Among the 4,020 selected tweets, we found 109 that communicated membership disclosure. The results of this investigation are shown in Table 2. These tweets come from 15 of the cohorts (19.5%). They reveal the membership of more than 115 participants. We present some examples of disclosure tweets in Table 3. Notably, 86 of these tweets (78.9%) were posted by cohort participants. In these cases, participants’ leaked either their own or their friends’ membership information when they talked about their experience with some cohort study. This discovery confirms the findings of Yin et al.36 and Mao et al.27, where it was observed that individual’s self-disclosure on social media may reveal other people’s sensitive information. The remaining 23 tweets (21.1%) come from the program’s official account or researcher/organizer of the study.
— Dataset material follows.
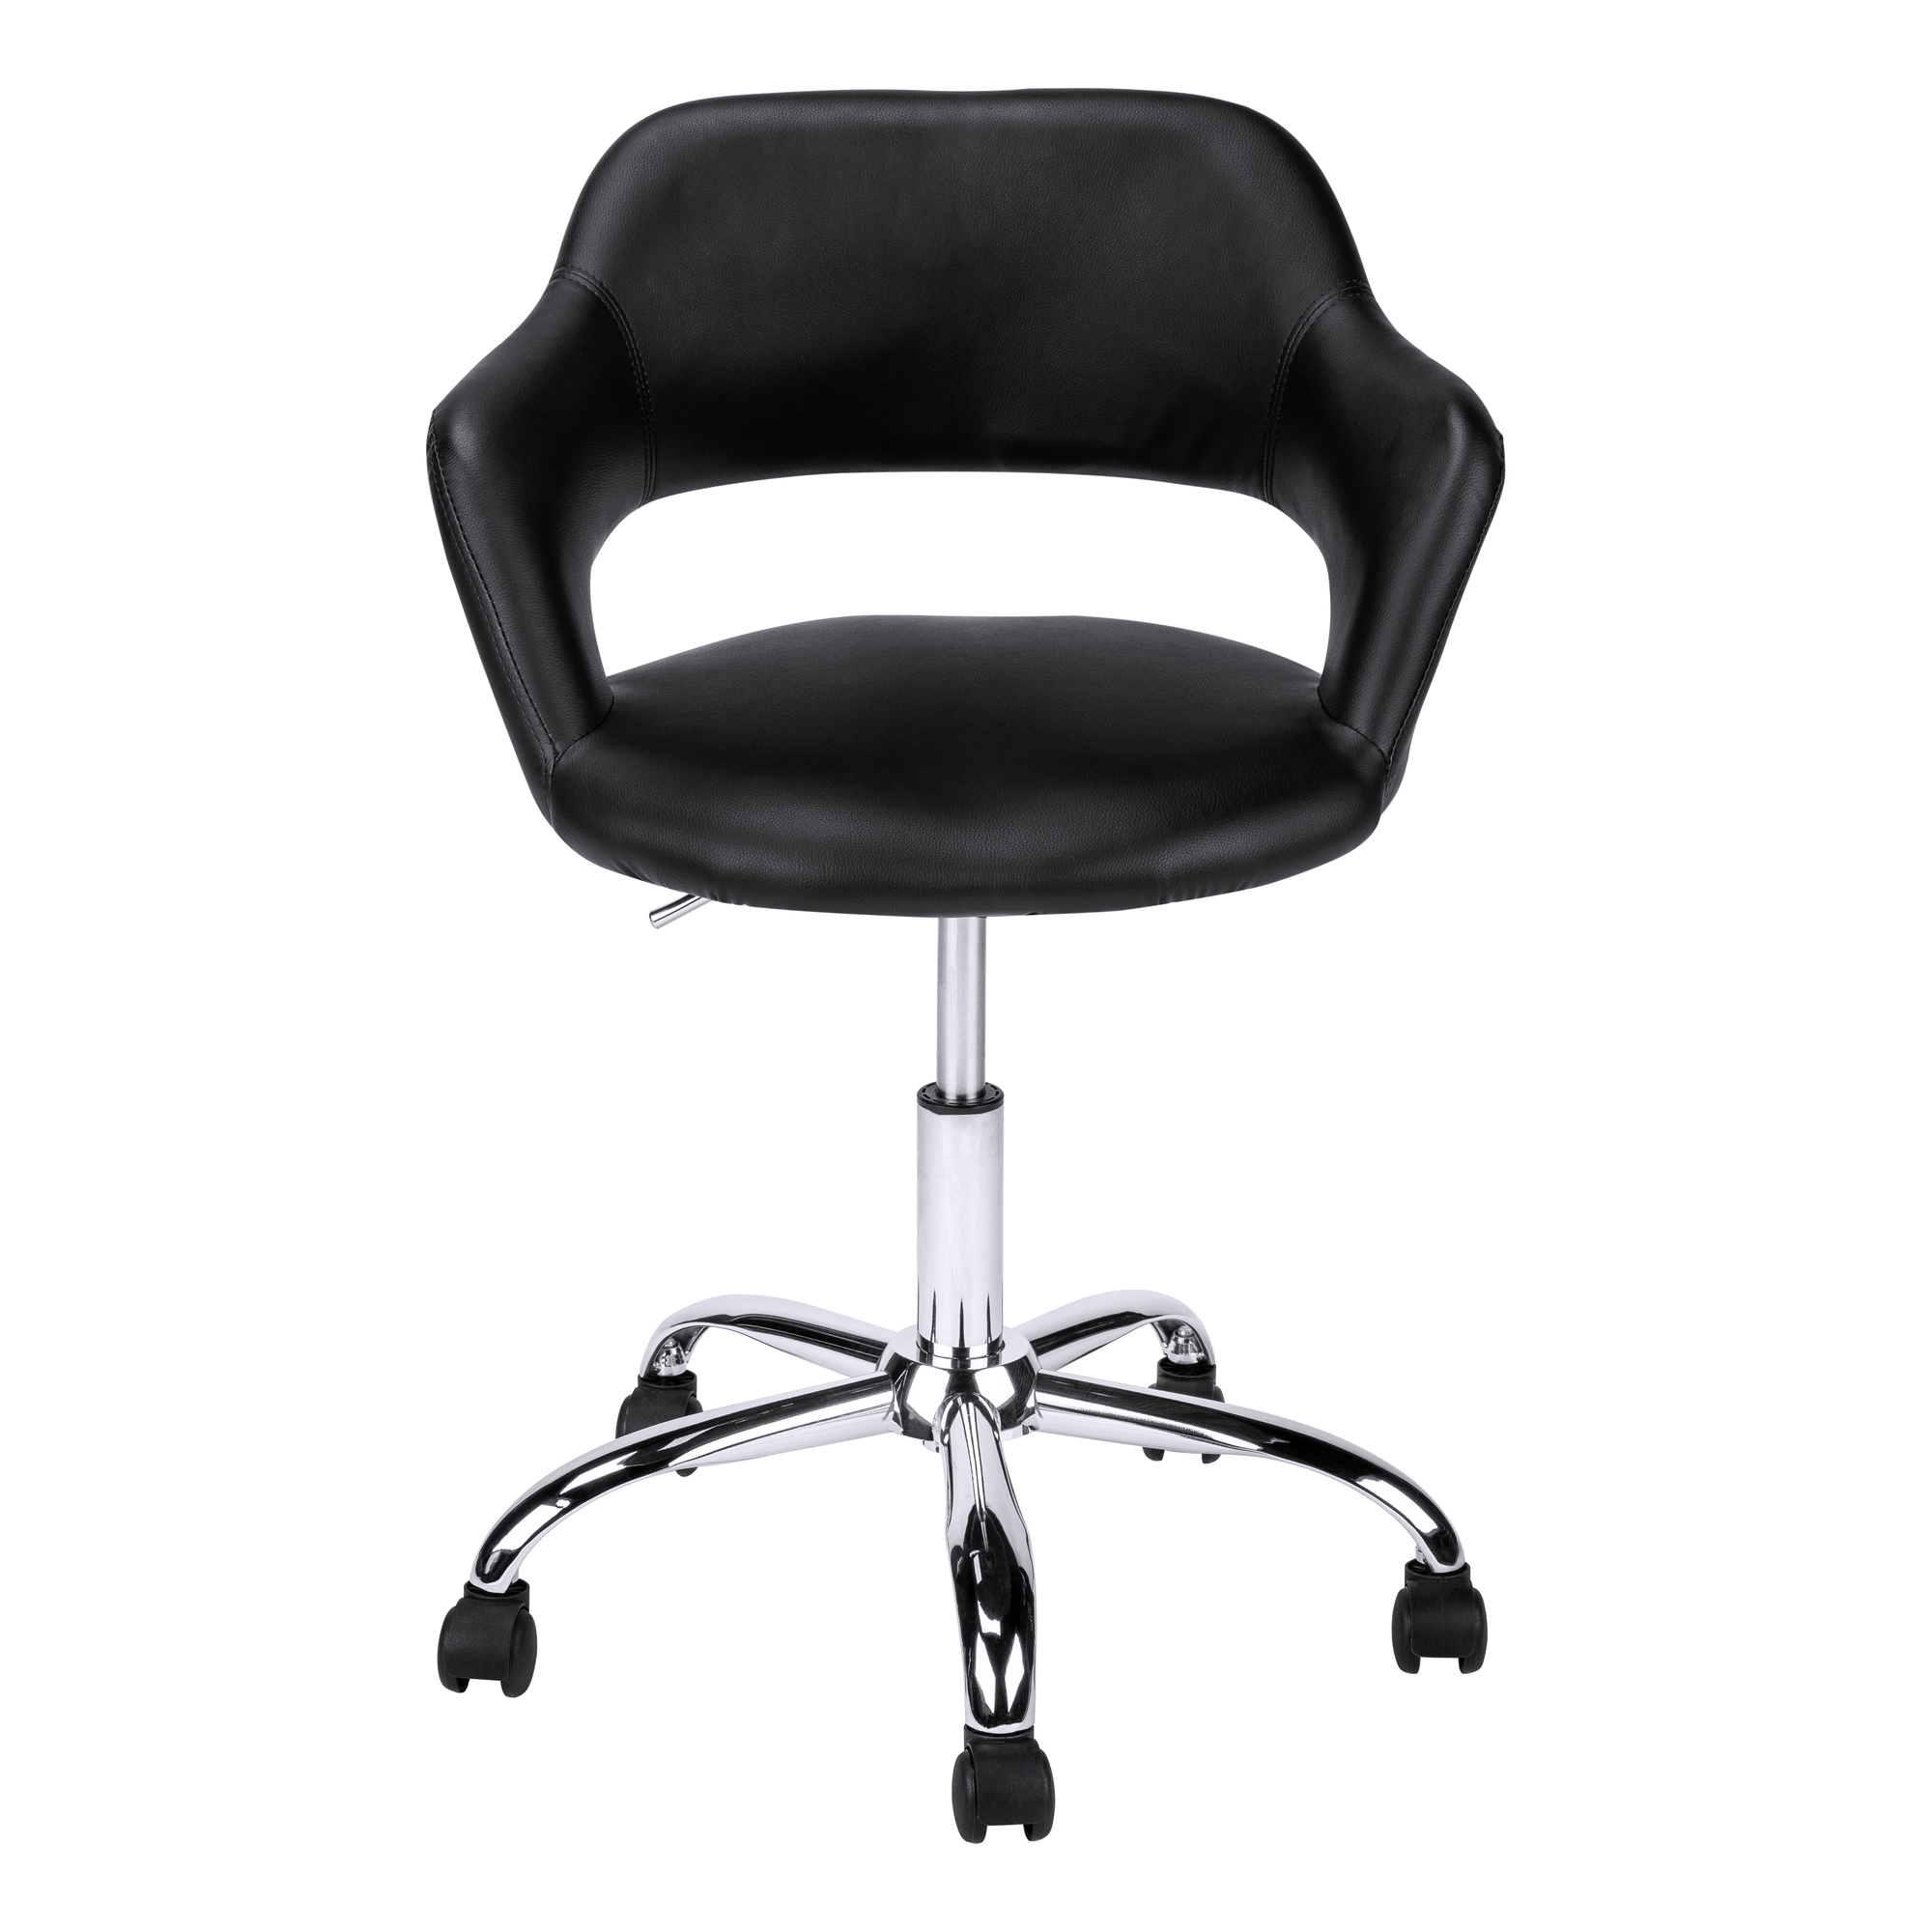 Black Faux Leather Seat Swivel Adjustable Task Chair Leather Back-333467-1

In these cases, the participants’ information was revealed because the program shared a volunteer’s story.
Table 2:
A summary of the cohort and membership coverage from tweets discovered to reveal participation.
Study Cohort | Tweets Reviewed | Tweets Disclosed | Self-Disclosed Tweets | Program-Disclosed Tweets | Disclosed Individuals | |
1 | Personal Genome Project | 436 | 26 | 26 | 0 | 26 |
2 | 100,000 Genomes Project (Genomics England) | 500 | 16 | 9 | 7 | 18 |
3 | Black Women’s Health Study | 22 | 12 | 12 | 0 | 12 |
4 | Raine Study | 72 | 11 | 0 | 11 | 14 |
5 | UK Biobank | 500 | 10 | 10 | 0 | 10 |
6 | All of Us Research Program | 500 | 10 | 10 | 0 | 10 |
7 | Qatar Biobank | 296 | 5 | 4 | 1 | 4 |
8 | Nurses’ Health Study | 29 | 4 | 4 | 0 | 4 |
9 | Australian Longitudinal Study on Women’s Health | 136 | 3 | 3 | 0 | 3 |
10 | 1970 British Cohort Study (BCS70) | 26 | 3 | 3 | 0 | 3 |
11 | Framingham Heart Study | 14 | 2 | 0 | 2 | 2 |
12 | Millennium Cohort Study | 42 | 2 | 2 | 0 | 2 |
13 | Million Women study | 17 | 2 | 2 | 0 | 2 |
14 | National Child Development Study | 26 | 2 | 1 | 1 | 3 |
15 | Human Longevity | 45 | 1 | 0 | 1 | 1 |
Summary | 109 | 86 | 23 | 114 |
Table 3:
Examples of membership disclosure tweets. We replace the person and cohort names with xxx and rewrite the sentences to mitigate the risk of revealing the program and participants.
Type | Tweet |
1. Proud to be a participant in this: https://url/abcd | |
2. I like how xxx program never forget my birthday. Thanks @xxx | |
Self-Disclosed | 3. I joined xxx project because I won’t never share anyone else’s DNA. |
4. I am proud to be a participant in the xxx cohort knowing that I am contributing to a research about health and lifestyle. | |
5. I am both a researcher and a participant of the xxx project. | |
6. I just volunteered for the xxx . It was a nice experience, you should try it too! | |
1. It’s great to see Mr.xxx and his parents sharing their story about receiving a test result from the xxx research https://url/abcd | |
2. In this video, meet participant Ms.xxx and her father, xxx, who talked about why taking part is important to them https://url/abcd | |
Program-Disclosed | 3. It’s awesome that @xxx continue to contribute to the Program. Thank you! |
4. XXX, who has heart disease, talks about her participation in xxx study. |
We discuss self-disclosed and program-disclosed tweets separately in the following sections.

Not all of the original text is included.